A modo de Editorial. Uno de los problemas más complejos que están viviendo los países, bajo la mirada callada y, en muchos casos, indiferente e irresponsable de los gobiernos, es el crecimiento de las personas sin hogar.
Una situación que ya estiman como global muchos especialistas, porque la realidad de la calle ha tomado incontables matices. No es el alcohólico que pernota en la plaza, el hombre que desde niño hizo la calle su morada, ni el desplazado rural que jamás logró adaptarse a la vida urbana.
Son múltiples expresiones de sucesos sociales, que han generado la ruptura de las personas con las estructuras que nos sostienen como individuos: los lazos que unos unen a la familia o a la comunidad, la ruptura con el empleo, la labor o el trabajo y la disolución de los lazos sociales, sean estos geográficos, institucionales, judiciales o migratorios.
Realidades que coexisten y son los palpables rostros de la crisis de la familia, de la situación socioeconómica, de la debilidad institucional del estado y del crecimiento de las organizaciones criminales.
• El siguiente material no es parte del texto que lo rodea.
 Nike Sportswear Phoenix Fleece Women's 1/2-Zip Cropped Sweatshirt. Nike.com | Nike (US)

Desde 2005, la ONU no ha vuelto a calcular, aun con errores, cuántos pueden ser.
Y lo más complejo aún, lo más definitivamente trágico han sido los abordajes, las aproximaciones, que el estado como garante de los DD.HH. y las autoridades que tienen la obligación de buscar las salidas más apropiadas han hecho.
Desde Tokio hasta Bogotá ha prevalecido la tendencia a promover la toma, el operativo, la intervención policial o militar de los sectores donde suelen hacer vida estos sectores.
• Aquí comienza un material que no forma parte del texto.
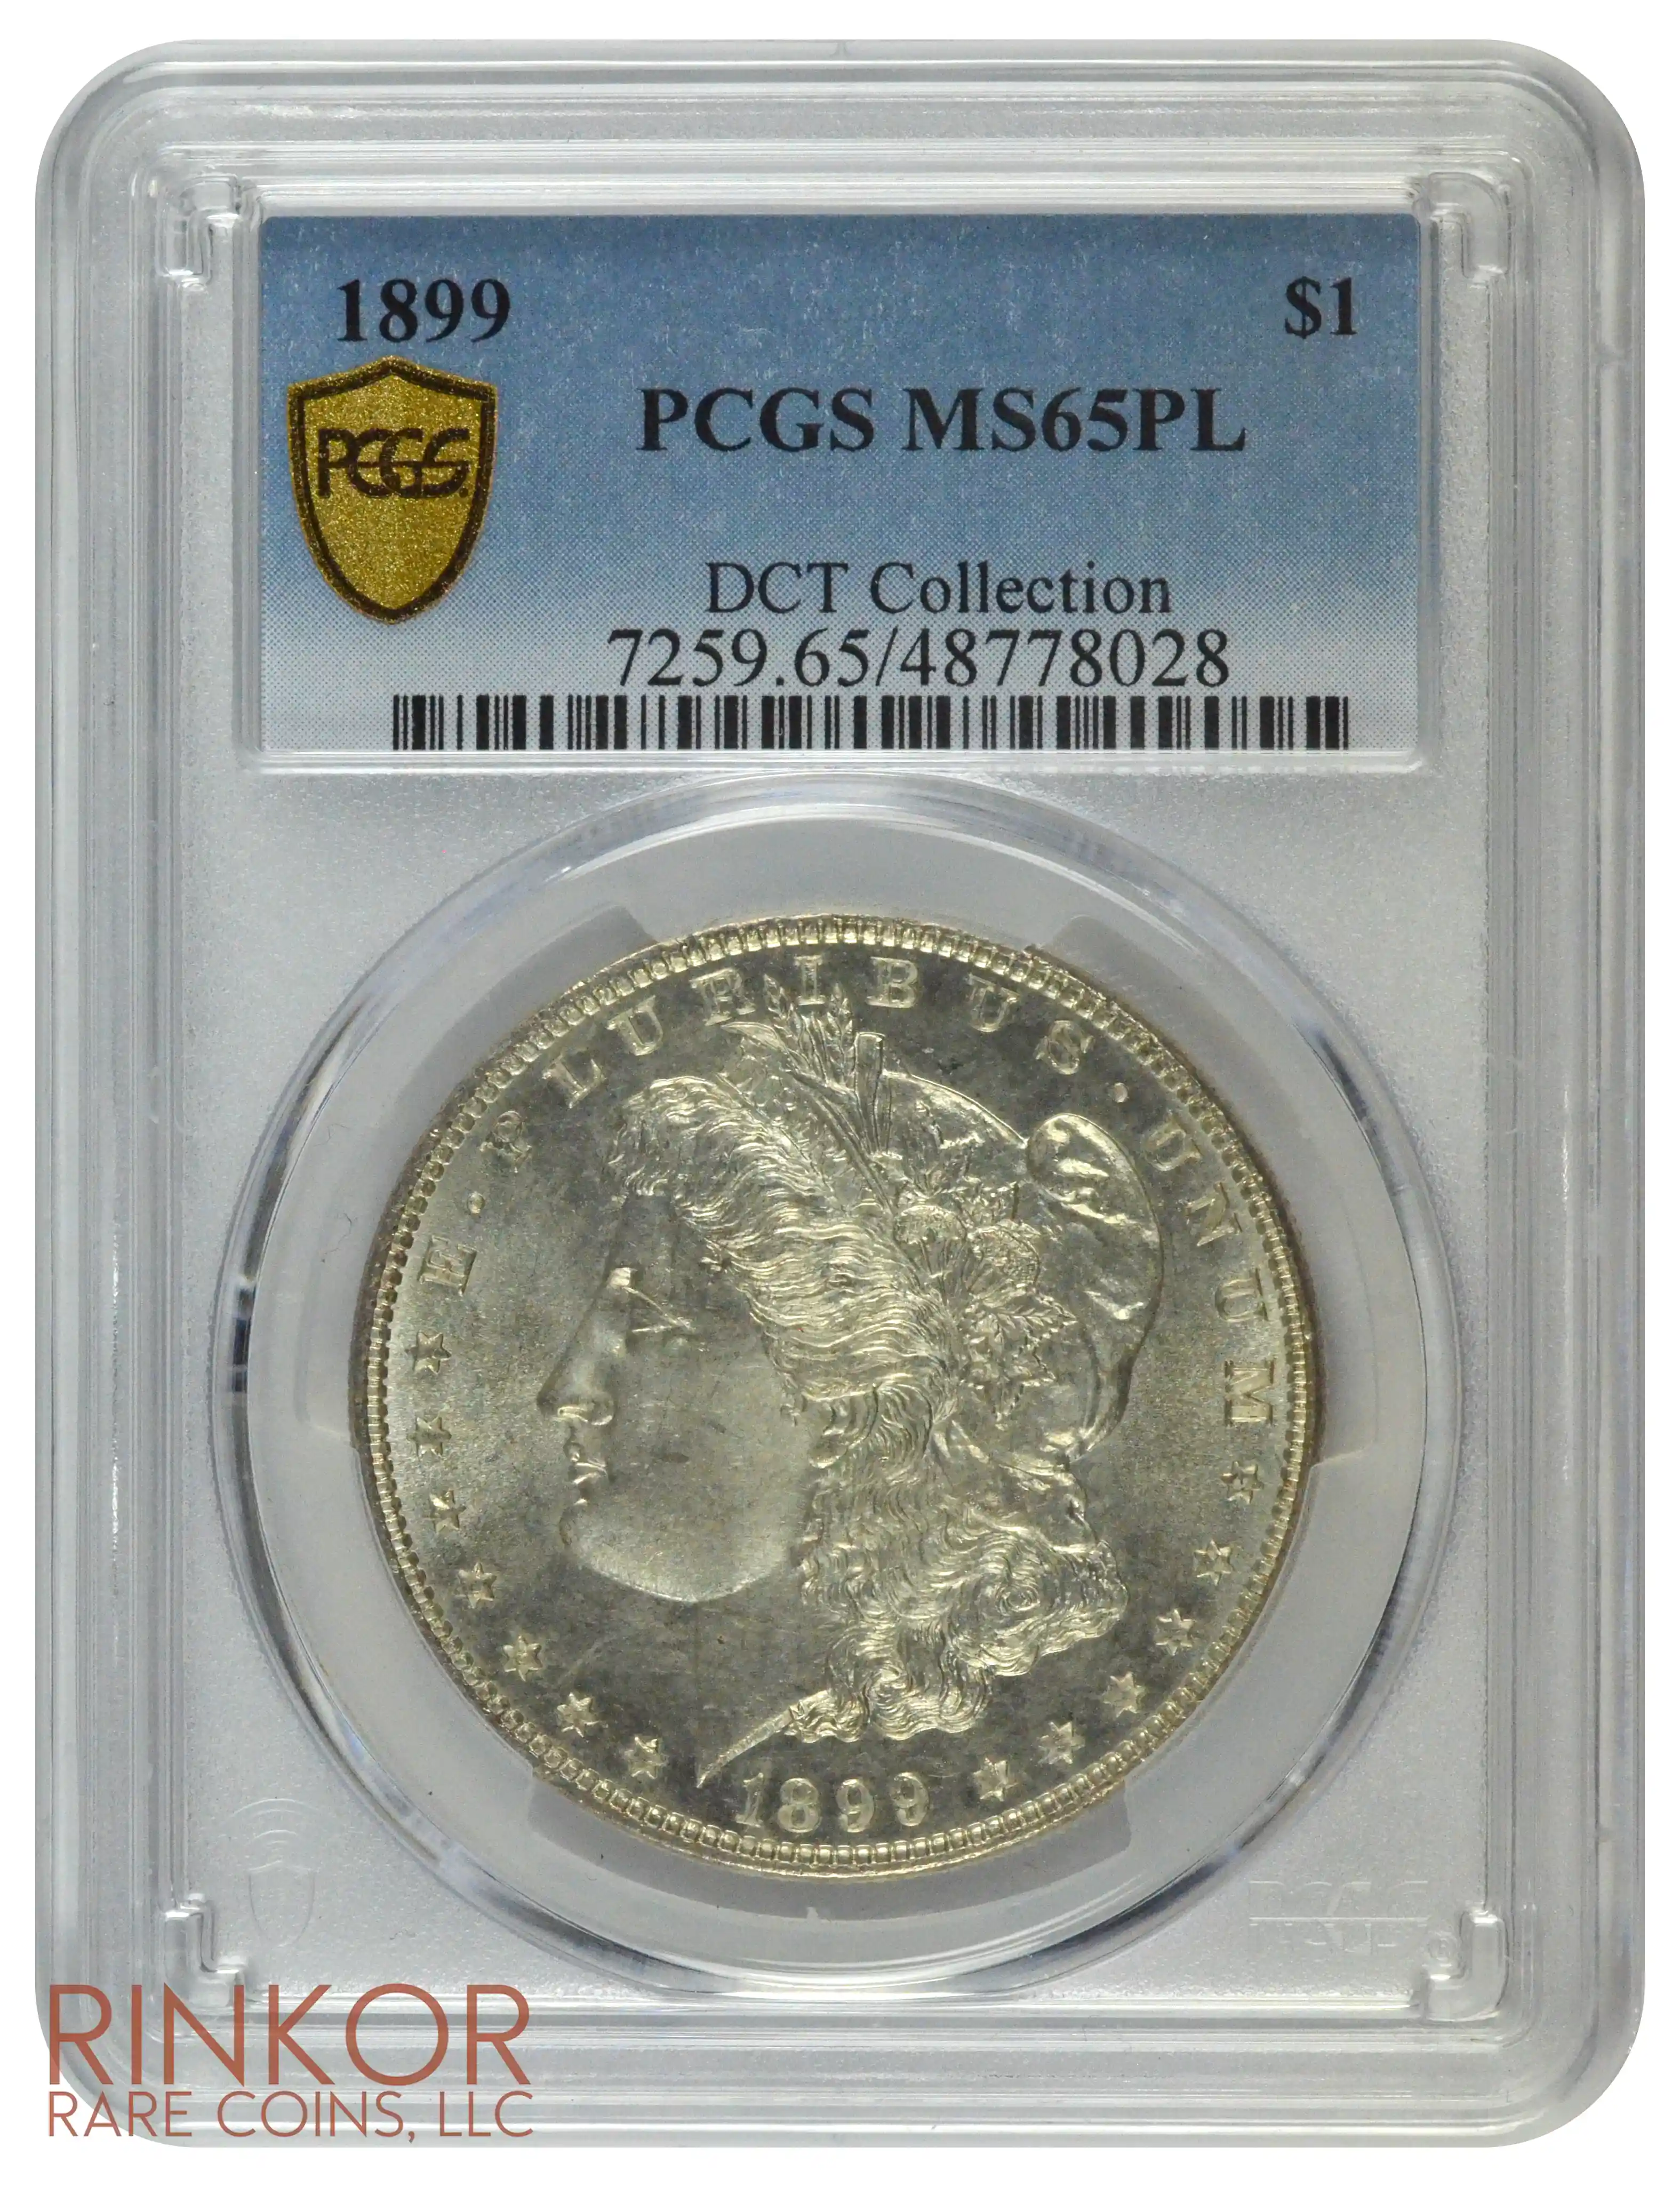 1899 $1 PCGS MS 65 PL

Indudablemente, el ciudadano de a pié que vive el quehacer diario de soportar la supervivencia de estos grupos y el zarpazo del delito, siente que gracias a Dios hicieron algo, pero se asombra al ver que los victimarios sólo pasan unas vacaciones en las policías y sus víctimas se desplazan con sus miserias a otros sitios.
Porque al igual que otros graves problemas de la ciudad, como el tránsito, el deterioro de los servicios básicos y demás, priva la esencia de todos los males de la administración pública en los regímenes populistas, sean de derecha o de izquierda o de indeterminado signo, la Improvisación.
No se está preparado para casi nada: Para detener el avance del Zika, no hay abatizadores; para los enfermos de HIV no se calcula el alza de los retrovirales; para el avance de la edad mediana, no se estima cuantos hombres y mujeres requerirán pensiones dignas, entre otras miles de improvisaciones más graves.
Se toma en asalto un sector de la ciudad y Quentin Tarantino siente envidia del despliegue de patrullas, uniformados y autoridades de botas cazadoras y chalecos antibalas. Toda una operación digna de un Oscar, un Globo de Oro o un India Catalina. Pero no se estimó que se hacía con la gente.
La muy bien desarrollada toma generó una crisis humanitaria. Un desplazamiento angustioso, inhumano y con abuso de autoridad. En otras palabras, no se pensó en la gente, en sus derechos mínimos, en su vida.
Y aclaramos que este espacio digital es una tribuna contra todo lo que atente con la vida y los derechos, pero también es un espacio para criticar lo que se pudo hacer mejor, lo que pudo generar un valor más allá de superar lo feo del lugar y mejorar las opciones de la gente.
Atacar la criminalidad es ir más allá de un operativo policial, que también es necesario. Es crear condiciones para que los vulnerables no sean presa del submundo del delito, que puedan recuperar su dignidad personal, restaurar sus lazos familiares y comunitarios o generar otros, capacitarse o trabajar para mejorar su autoconcepto y sentirse útiles para vivir en sociedad.
Queda entonces elevar una reflexión que nos toca a todos: ¿Qué estamos haciendo como ciudadanos por los derechos de los otros? Y qué está haciendo la autoridad legítimamente elegida por los que habitaban el Bronx?